Drexel, Jeremias
DREXEL, JEREMIAS
Jesuit educator, preacher, and spiritual writer; b. Augsburg, Aug. 15, 1581; d. Munich, April 19, 1638. A Lutheran by birth, he was converted in his youth, educated by the Jesuits, and in 1598 entered the Jesuit novitiate. He completed his philosophical and theological studies at Ingolstadt and became professor of humanities in Munich and Augsburg. He taught the Jesuit seminarians at Dillingen and then for 23 years was preacher at the court of the elector of Bavaria. During this period he accompanied Maximilian on his Bohemian campaign. From 1620 until his death he wrote some 20 works that were avidly read and zealously translated. His first work, De aeternitate considerationes, underwent four distinct English translations before 1710. Among the considerations, Drexel noted various representations of eternity—the natural, the Roman, and the Scriptural. Another of his works, Heliotropium (1627), translated into English in 1862, discussed man's recognition of the divine will and conformity to it.

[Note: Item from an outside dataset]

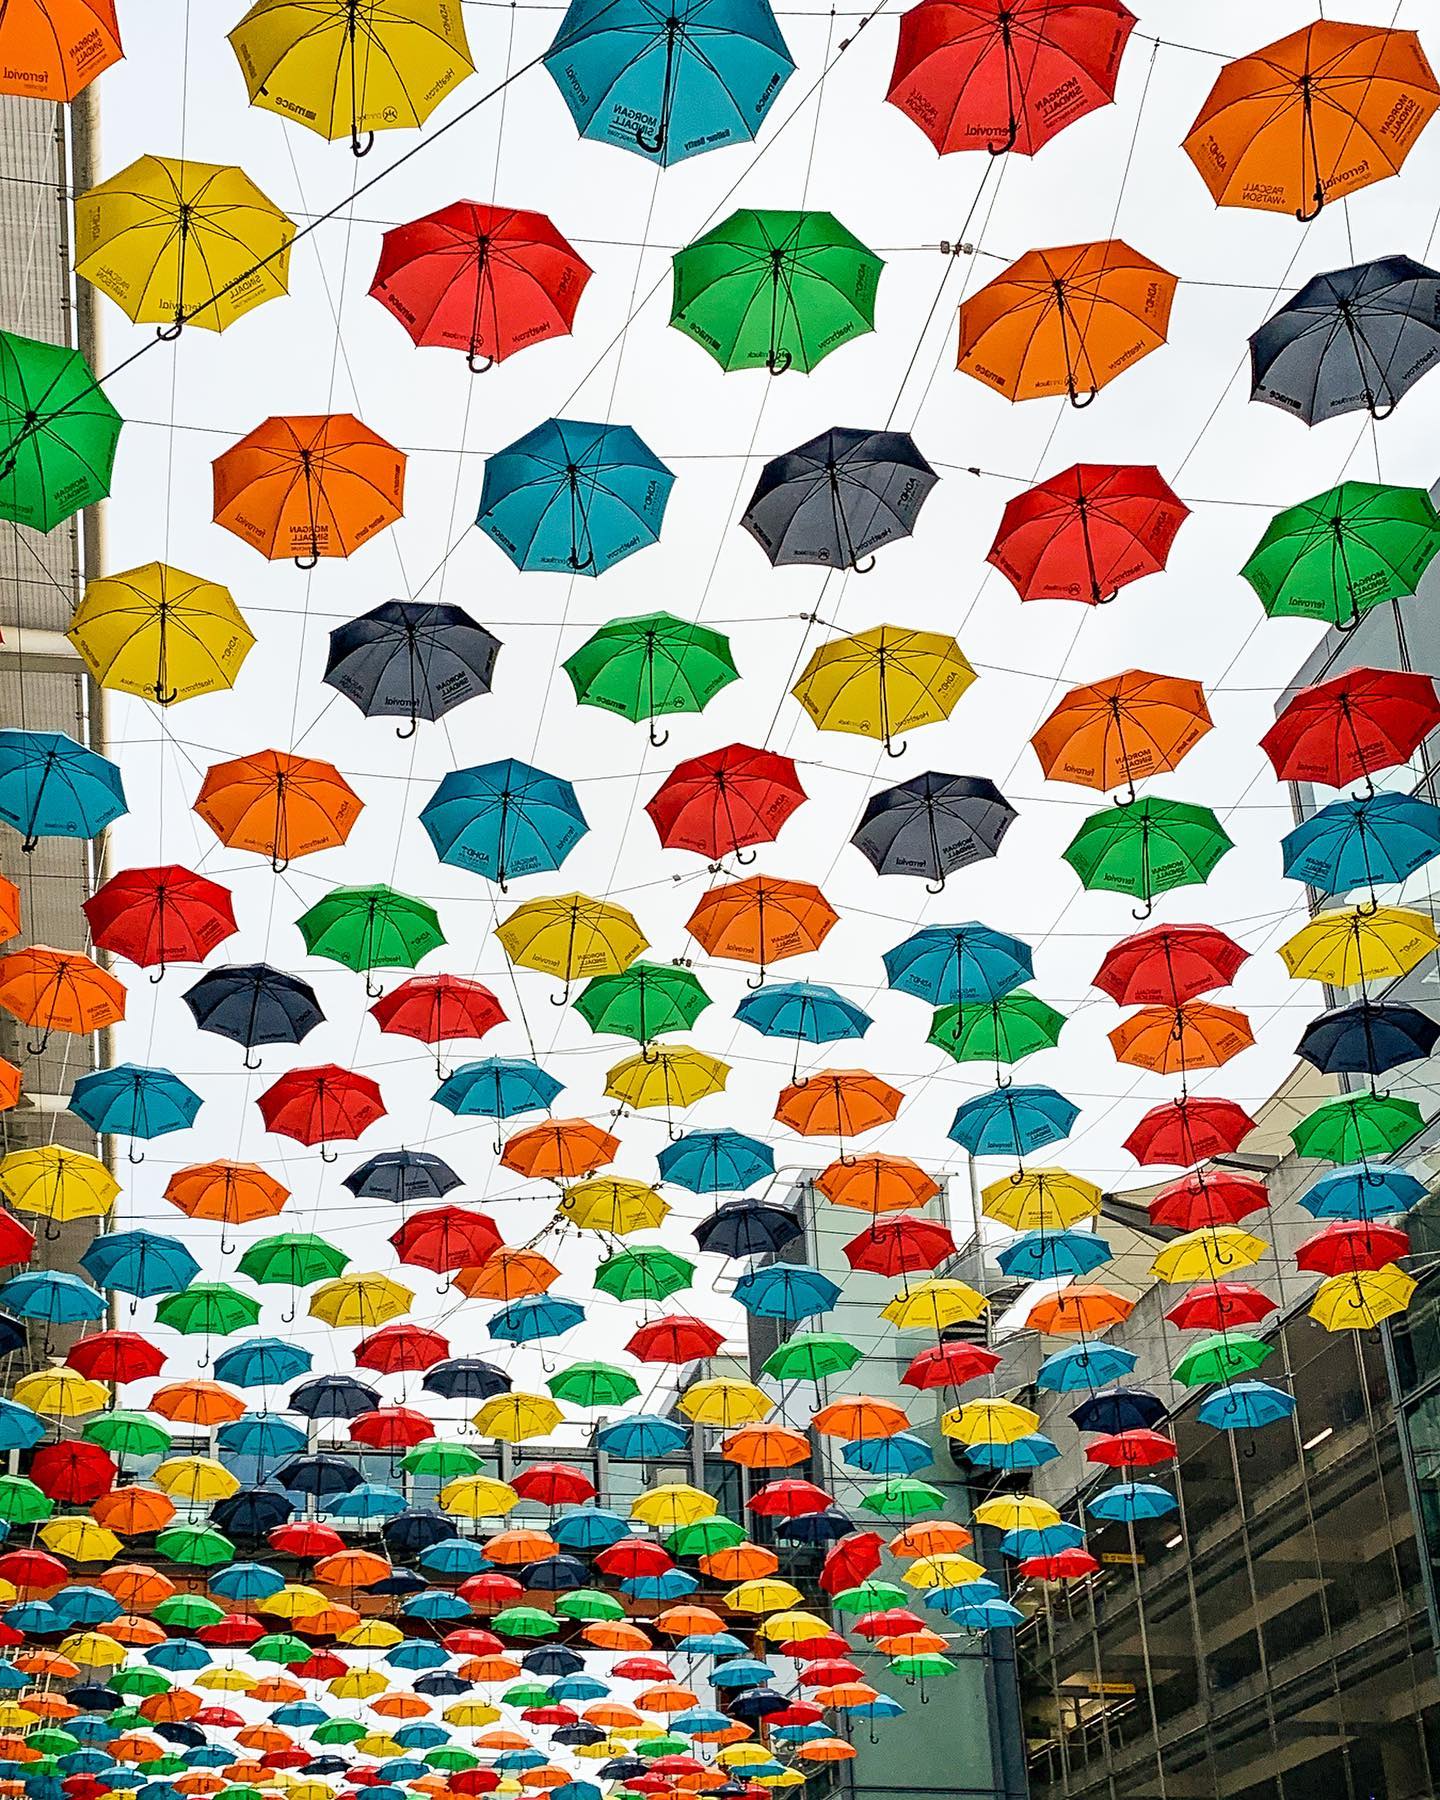 Umbrella team #umbrella #umbrellas #photographer #photography #photographerlondon #photographyserviceslondon #photographyservicebuckinghamshire #photographyserviceberkshire

Bibliography: p. bailly, Dictionnaire de spiritualité ascétique et mystique. Doctrine et histoire, ed. m. viller et al. (Paris 1932–) 3:1714–17. c. sommervogel et al., Bibliothèque de la Compagnie de Jésus, 11 v. (Brussels-Paris 1890–1932) 3:181–205. b. duhr, Geschichte der Jesuiten in den Ländern deutscher Zunge, 4 v. in 5 (St. Louis 1907–28) 2.2:444–449.